Da autoria de Maria João Brito de Sousa, sócia nº 88 da Associação Portuguesa de Poetas, Membro Efectivo da Academia Virtual Sala dos Poetas e Escritores - AVSPE -, Membro da Academia Virtual de Letras (AVL) e autora no Portal CEN, escrito num portátil gentilmente oferecido pelos seus leitores. ...porque os poemas nascem, alimentam-se, crescem, reproduzem-se e (por vezes...) não morrem.
29
Ago17

GLOSANDO JOÃO MOUTINHO II

Maria João Brito de Sousa

Julio.jpg

 

SONHO SOLTO

 

Sento-me, só, no colo das ideias

Do verso branco que não sei parar…

Sinto o dilatar de todas as veias

Que pulsam em mim, sem me sossegar

 

Todos os elos, todas as cadeias,

Todas as ondas me vão navegar

E desaguar nas mesmas areias

Do mesmo sol-pôr, do mesmo luar

 

Cavalgo as marés da tua ternura

Nas dunas de pele que quero sorver…

Saciando a sede na tua candura

 

O sonho só solto ao anoitecer

No amanhecer da minha loucura

No verso de amor que não vou escrever

 

João Moutinho



POR ELA



“Sento-me, só, no colo das ideias”,

Enlaço-me nos braços da Razão

E, apagada a chama das candeias,

Confronto a minha humana condição;



“Todos os elos, todas as cadeias”,

Todas as formas de escravização,

São coisas que não sabes, mas premeias,

Não por palavras, mas por omissão.



“Cavalgo as marés da tua ternura”

Quando descanso e sempre que puder,

Mas assim que a Razão sonda e perfura



“O sonho só solto ao anoitecer”,

É por ela que aceito esta ruptura

E, por ela, só dela passo a ser.

 



Maria João Brito de Sousa – 28.08.2017 – 11.58h

 

 

Desenho de Júlio (irmão do poeta José Régio)









 

27
Jul17

GLOSANDO ALBERTINO GALVÃO II (?)

Maria João Brito de Sousa

TEMPO II.jpg

 

TEMPO INSENSÍVEL



Soneto em versos de 11 sílabas (os meus preferidos)

 

A noite caíra encobrindo a cidade
E as poças que a chuva da tarde fizera!
Da minha janela soprava-me a espera
Enquanto embalava, no colo, a saudade

 

Inspirei, absorto, a fria humidade
Soltei o soluço que em mim retivera
Pensando que bom, oh meu Deus quem me dera
Ter hoje e agora quinze anos de idade

 

Mas sendo insensível o tempo não trava
A louca corrida que o relógio grava
E segue somando minutos e anos

 

Indif’rente a sonhos desejos e planos
Lá vai me lembrando que ele ao ir passando
De mim vai também minha vida levando.

 

Abgalvão (in Palavras com Alma)





BAIXOS-RELEVOS



(em versos de onze sílabas métricas)



“A noite caíra encobrindo a cidade”

Que em sombras desvenda seus becos, vielas,

Seus prédios mais altos e suas capelas

Que, de alvas, brilhavam sob a claridade.

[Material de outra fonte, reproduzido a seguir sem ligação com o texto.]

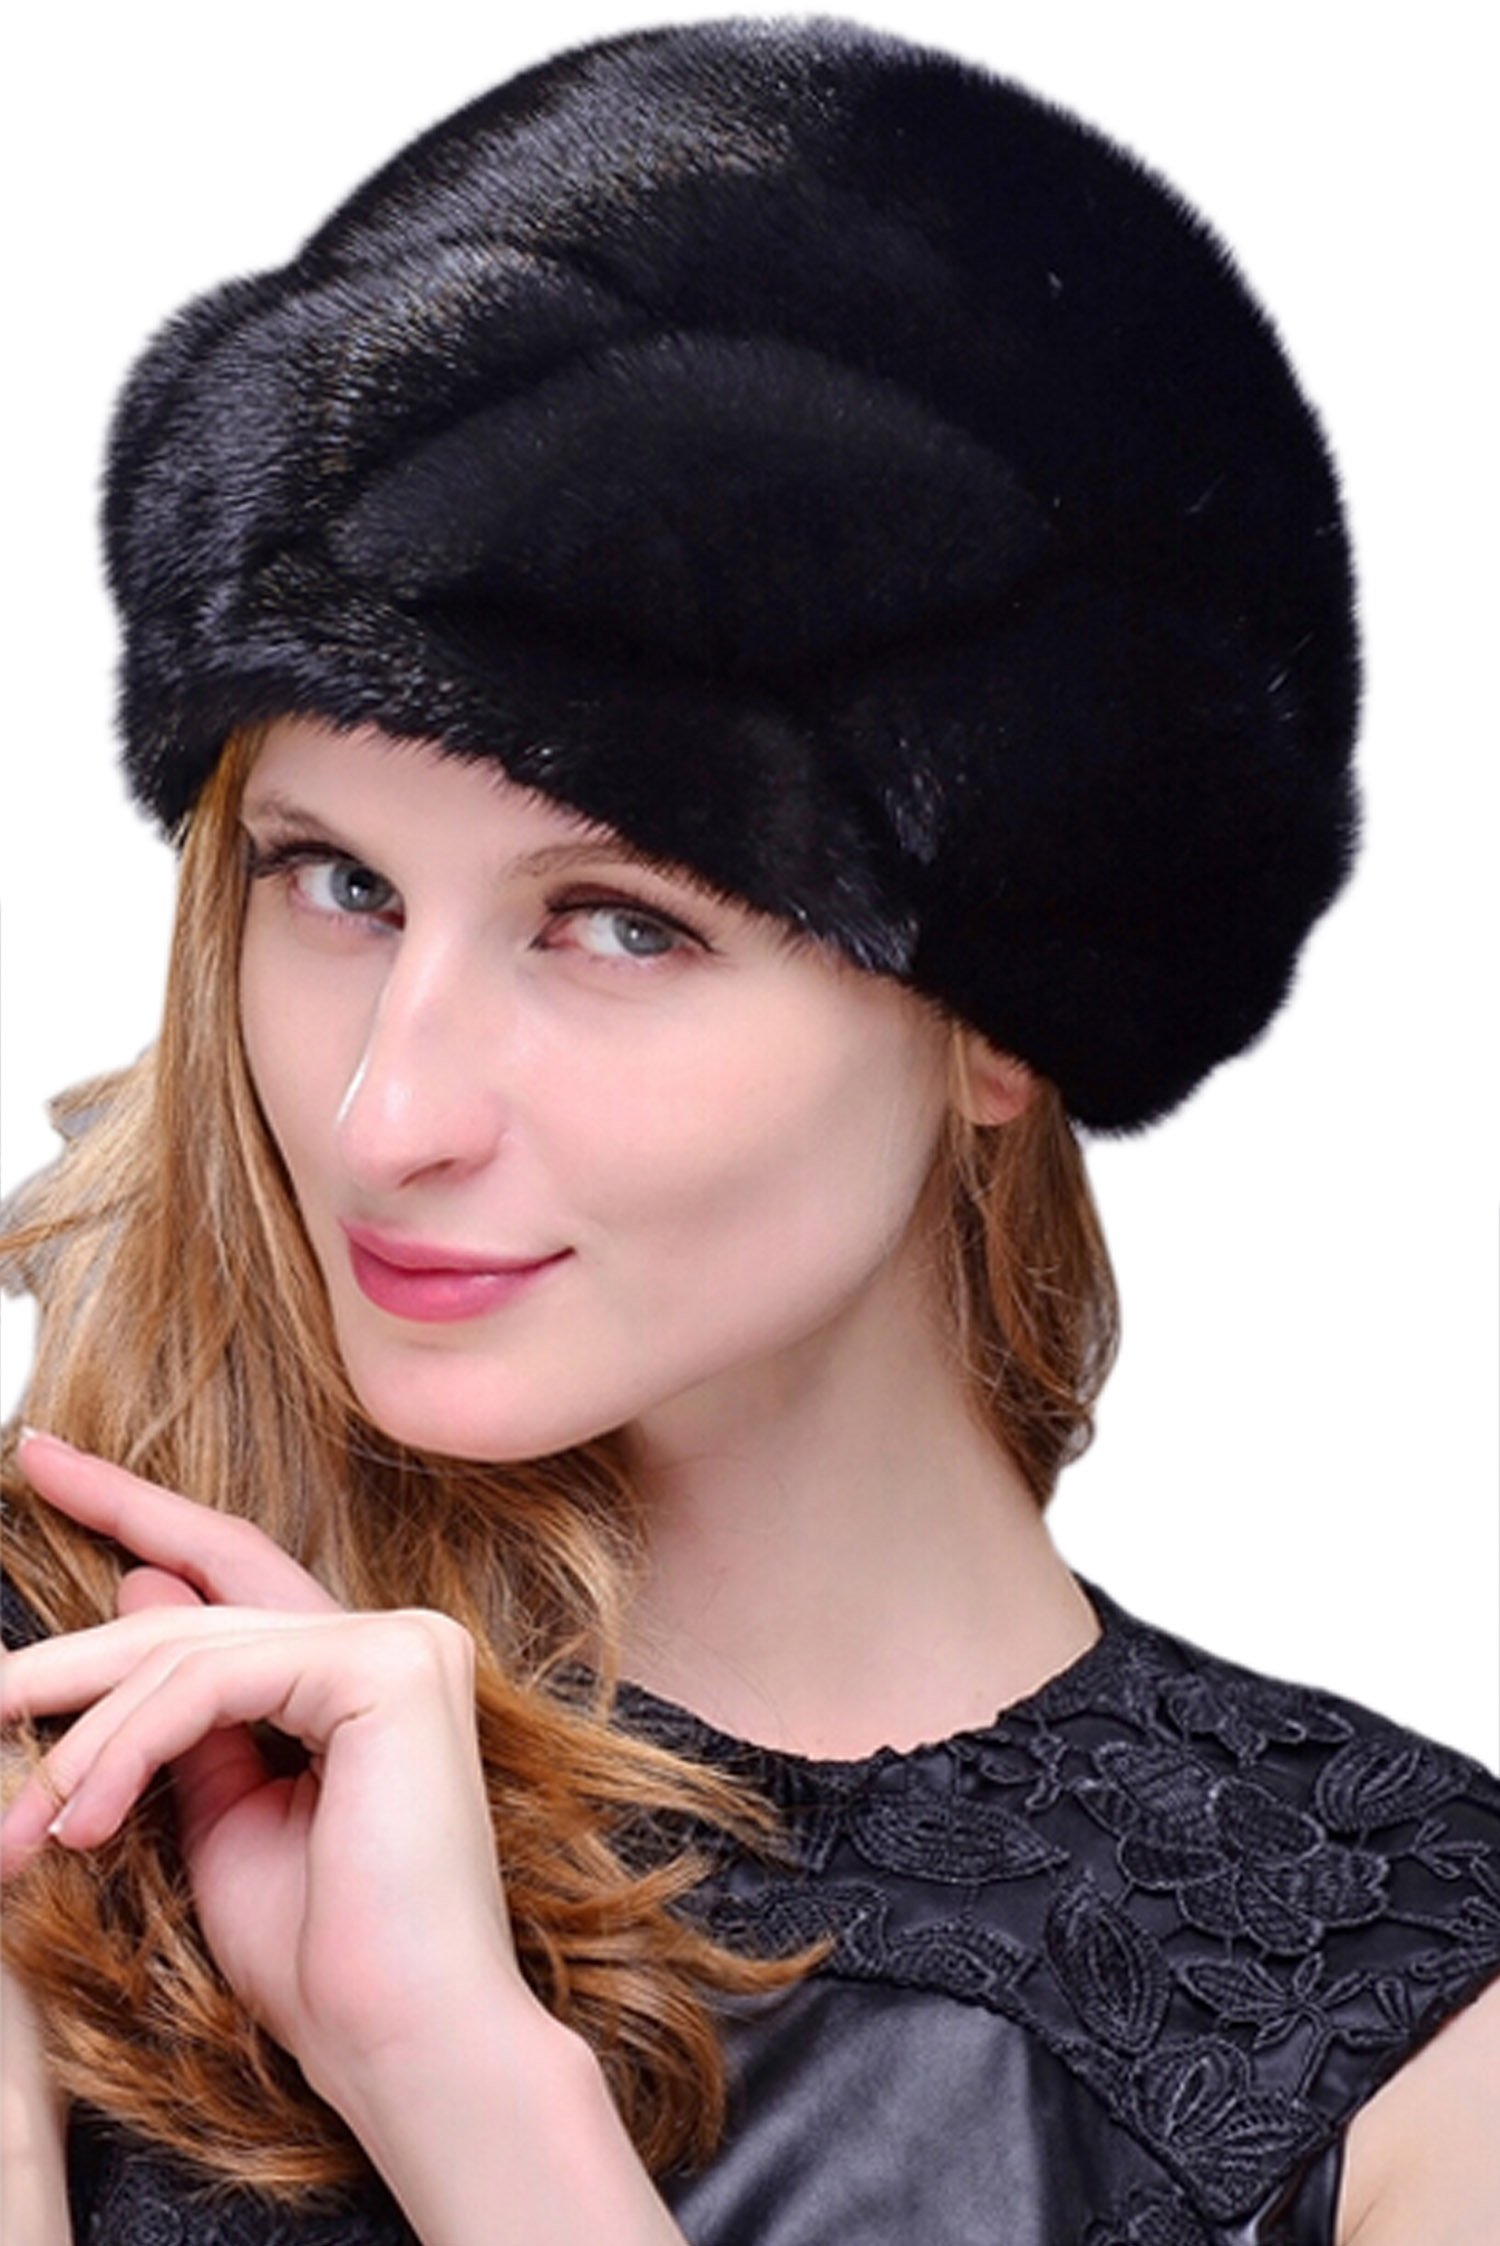 Easting Whole Set of Mink Fur Hat For Women New Designer (Black)

“Inspirei absorta a fria humidade”,

Chorei sob um céu sem lua, nem estrelas,

Onde nada brilha... nem um rasto delas

No intenso negrume que agora me invade,



“Mas sendo insensível, o tempo não trava”

A lágrima em fuga que escorre e que lava

Memórias doridas, doridos enganos,



“Indif`rente a sonhos, desejos e planos”,

Prossegue incansável nas marcas que grava

E nem se dá conta de ter-me por escrava...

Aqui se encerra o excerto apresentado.